In this game of Blackjack, the player can take 4 actions.

  • Hit: The player is dealt an additional card
  • Stand: The player does not want any additional cards and the game proceeds to showdown i.e. the dealer reveals their card and deals additional cards to themselves until their hand sums to 17 or more.
  • Double Down: The player doubles their initial bet and receives a single additional card. The game proceeds to showdown.
  • Split: This action can only be taken if the player is dealt two cards of the same rank. The player splits the hand into two hands and is dealt another card for each hand. The player bets an additional amount the size of the initial bet, so that there is a bet on each hand.

If the dealer is dealt blackjack (21), then the player takes money back if they also got dealt blackjack, otherwise the player loses with no opportunity to take actions. If the player is dealt blackjack and the dealer is not, then the player receives 2.5 times their bet in return. If the player wins they receive their double their bet, and if they lose they receive nothing and the dealer takes their bet.

Notebook

There are two versions of the blackjack model: The first does not count cards and the second does.

The model that does not count cards has a negative expected value when fully trained. This is as expected as the house has the edge in this game. Or does it...

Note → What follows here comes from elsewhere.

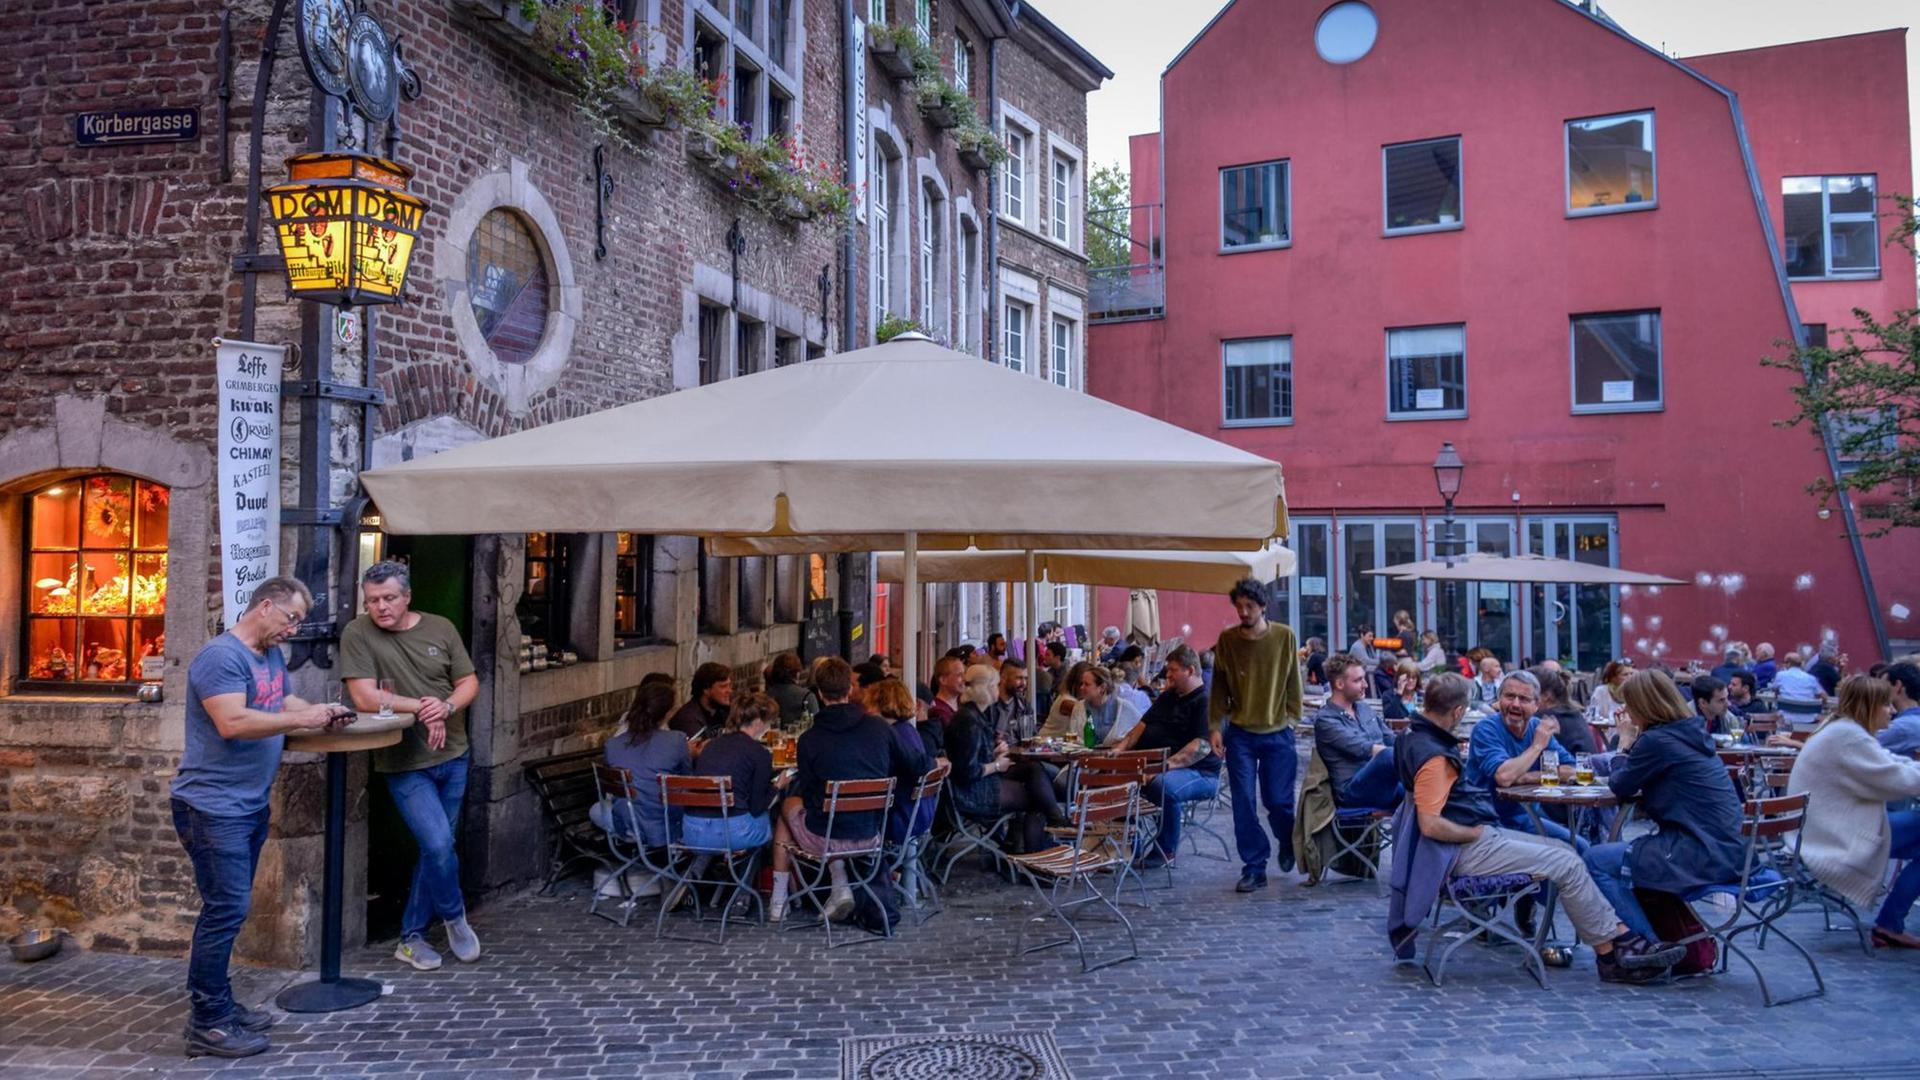 Das Bild zeigt mehrere Menschen, die draußen an Tischen eines Restaurants sitzen

The second model counts the cards using the Wong-Halves card counting method. The idea of card counting is to have a running count that is added to or subtracted from based on the dealt cards. The player should bet big when the count is high i.e. there are more high cards in the deck which is favourable to the player. In the implementation, the player bets big when the count is greater than or equal to 4. I have experimented with learning the optimal count to bet big on, using a seperate CFR algorithm for the count only. This led to instability in the learning and did not reliably produce a positive expected value. Therefore, I have simply hardcoded the big bet count to 4.